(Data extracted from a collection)
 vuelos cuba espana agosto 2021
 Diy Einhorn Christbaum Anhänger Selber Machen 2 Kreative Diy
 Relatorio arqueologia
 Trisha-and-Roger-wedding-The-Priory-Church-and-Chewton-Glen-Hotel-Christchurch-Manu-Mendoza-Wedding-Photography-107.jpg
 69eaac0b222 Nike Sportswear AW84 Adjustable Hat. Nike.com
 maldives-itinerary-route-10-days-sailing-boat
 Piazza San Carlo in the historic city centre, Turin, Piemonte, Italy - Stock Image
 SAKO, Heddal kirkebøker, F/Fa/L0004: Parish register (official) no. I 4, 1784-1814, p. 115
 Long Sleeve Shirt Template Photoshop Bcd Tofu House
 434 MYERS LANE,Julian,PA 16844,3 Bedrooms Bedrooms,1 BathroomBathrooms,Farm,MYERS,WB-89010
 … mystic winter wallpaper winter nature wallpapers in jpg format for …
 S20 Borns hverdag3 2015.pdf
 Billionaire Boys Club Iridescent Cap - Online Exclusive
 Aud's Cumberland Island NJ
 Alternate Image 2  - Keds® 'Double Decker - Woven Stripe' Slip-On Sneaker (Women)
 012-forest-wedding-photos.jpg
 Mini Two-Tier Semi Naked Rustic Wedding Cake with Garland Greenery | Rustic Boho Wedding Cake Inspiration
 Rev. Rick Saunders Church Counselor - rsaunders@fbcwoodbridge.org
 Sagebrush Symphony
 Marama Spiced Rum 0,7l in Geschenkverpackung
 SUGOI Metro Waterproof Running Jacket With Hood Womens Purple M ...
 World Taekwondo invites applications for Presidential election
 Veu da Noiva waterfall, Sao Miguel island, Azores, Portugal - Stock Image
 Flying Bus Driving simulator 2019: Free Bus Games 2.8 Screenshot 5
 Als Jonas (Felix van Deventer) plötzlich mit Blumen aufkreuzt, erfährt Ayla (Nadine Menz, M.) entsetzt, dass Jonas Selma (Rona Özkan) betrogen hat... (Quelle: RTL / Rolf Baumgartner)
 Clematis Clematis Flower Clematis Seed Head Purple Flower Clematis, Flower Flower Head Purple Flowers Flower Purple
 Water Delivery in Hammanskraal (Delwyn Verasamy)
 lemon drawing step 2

**WHAT THE TASK REQUIRES:**
All lines in the data above from the one with "Diy Einhorn Christbaum" through the one with "maldives-itinerary-route-10-days-sailing-boat" must be repeated exactly, and no others.

**REPLY TO THE TASK:**
 Diy Einhorn Christbaum Anhänger Selber Machen 2 Kreative Diy
 Relatorio arqueologia
 Trisha-and-Roger-wedding-The-Priory-Church-and-Chewton-Glen-Hotel-Christchurch-Manu-Mendoza-Wedding-Photography-107.jpg
 69eaac0b222 Nike Sportswear AW84 Adjustable Hat. Nike.com
 maldives-itinerary-route-10-days-sailing-boat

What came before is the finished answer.